FRANKFURT (Reuters) - Deutsche Bank (DBKGn.DE) said on Wednesday it had received requests for information from regulators and law enforcement agencies around the world that are investigating a money laundering scheme involving Danske Bank (DANSKE.CO).
The statement came in response to a Bloomberg report that said the U.S. Federal Reserve was investigating Deutsche Bank’s role in the Danske scandal.
Deutsche Bank said in a statement that there were no probes. “But we received several requests for information from regulators and law enforcement agencies around the world,” it said. The bank also said it continued to provide information to and cooperate with the investigating agencies.
“It is not surprising at all that the investigating authorities and banks themselves have an interest in the Danske case and the lessons to be learned from it,” Deutsche Bank said.
The Fed’s probe is at an early stage, Bloomberg said, citing unnamed people familiar with the matter.

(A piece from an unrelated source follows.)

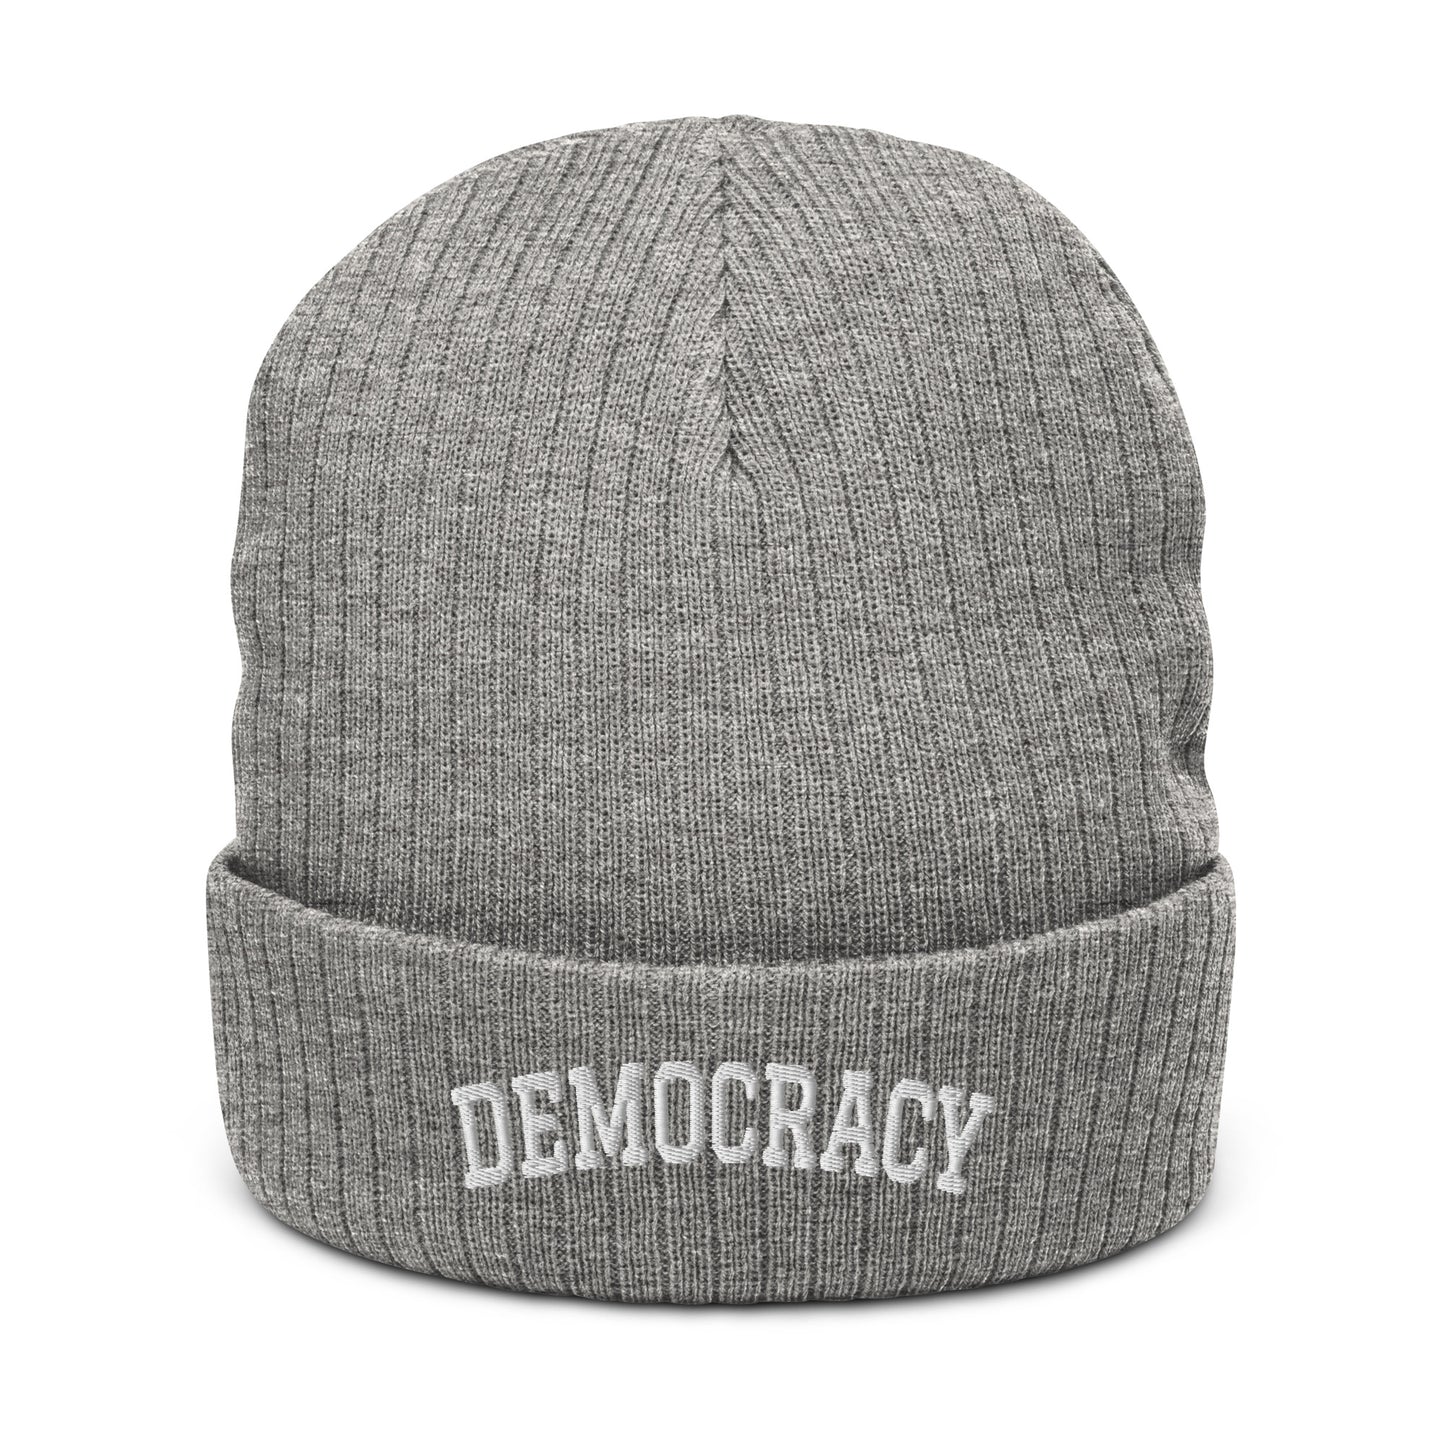 DEMOCRACY - Ribbed Knit Beanie

The U.S. central bank is investigating whether Deutsche Bank in New York properly monitored the transfer of funds it performed on behalf of Danske from its Estonia branch, the report added.
A spokesman for the Federal Reserve declined to comment.
Deutsche Chief Executive Christian Sewing said last week that the bank was investigating the Danske case internally and that it had no indication of any misconduct on the bank’s part.
Danske is under investigation for suspicious payments totaling 200 billion euros ($227 billion) from 2007 until 2015. Deutsche Bank has said it acted as a correspondent bank for Dankse Bank in Estonia.
A Deutsche Bank executive director has said the German bank played only a secondary role as a correspondent bank to Danske, limiting what it needed to know about the people behind the transactions.
In 2017, the Fed was among regulators that fined Deutsche Bank nearly $700 million for weak controls that allowed money laundering from Russia. A U.S. Department of Justice investigation into the case is still ongoing.
In November, police searched the offices of all the members of Deutsche Bank’s board as part of a two-day raid and investigation into money laundering allegations linked to the Panama Papers.
Deutsche Bank has said it had no indication of misconduct in this case.
In September, German regulator BaFin ordered Deutsche Bank to do more to prevent money laundering and appointed accounting firm KPMG as a third party to assess progress.
Deutsche shares recouped earlier losses to trade up 0.1 percent late afternoon in Frankfurt, roughly in line with Germany’s DAX index .GDAXI, which was up 0.2 percent.